FDA Issues Historic Proposed Rule and Draft Guidance on Drug Importation

December 20, 2019

On December 18, 2019, in a reversal of historic and substantive reservations,[1] the U.S. Food and Drug Administration (FDA or Agency) issued a notice of proposed rulemaking (Proposed Rule) that, if finalized, would allow for the importation of certain prescription drugs from Canada.[2]  FDA also issued a draft guidance that offers a second pathway for the importation of drugs into the United States through manufacturer importation of drugs, including biological products, from abroad.[3]
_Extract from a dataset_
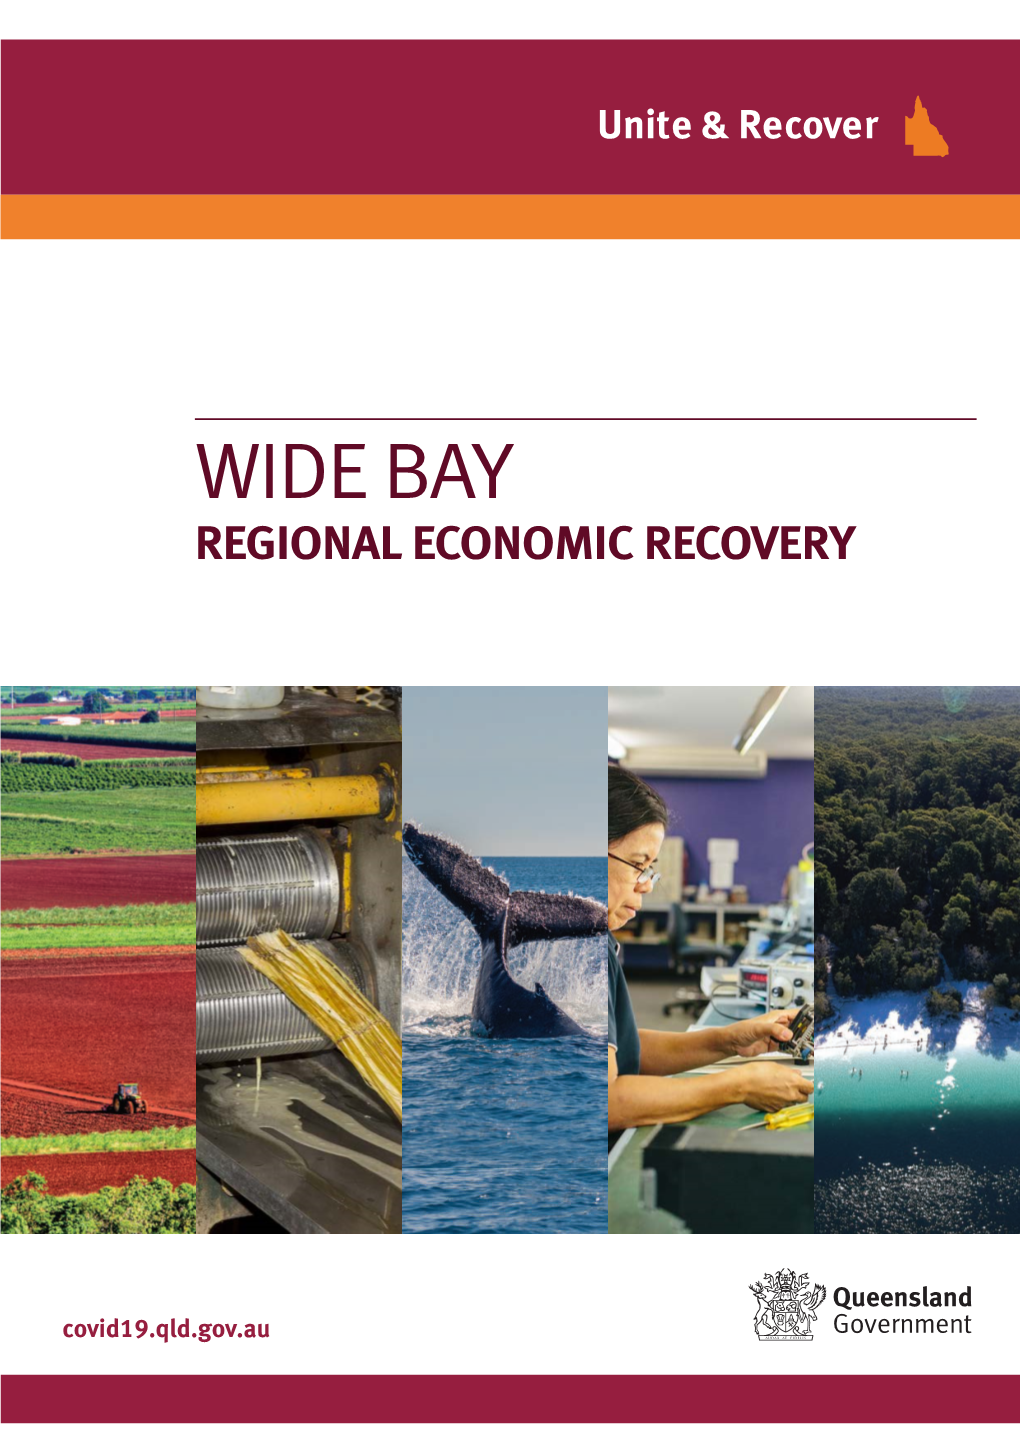 Wide Bay Regional Economic Recovery Plan

The Proposed Rule is the first step in implementing a provision of federal law that permits the importation of certain prescription drugs from Canada under specific conditions.[4]  Section 804 of the Federal Food, Drug, and Cosmetic Act (FFDCA) requires the Secretary of Health and Human Services (HHS), after consultation with the U.S. Trade Representative and the Commissioner of Customs, to issue regulations permitting such importation. The FDA is proposing to amend and expand its regulations to implement sections 804(b) through (h), and cites to section 804 as well as its broad drug authorities in Title V of the FFDCA as the statutory basis for this rulemaking.

For section 804 of the FFDCA to become effective, the Secretary of HHS must certify that its implementation will “pose no additional risk to the public’s health and safety,” and that it will “result in a significant reduction in the cost of covered products to the American consumer.” FDA stated that the Secretary would make this certification to Congress upon issuance of a final rule based on this proposal. 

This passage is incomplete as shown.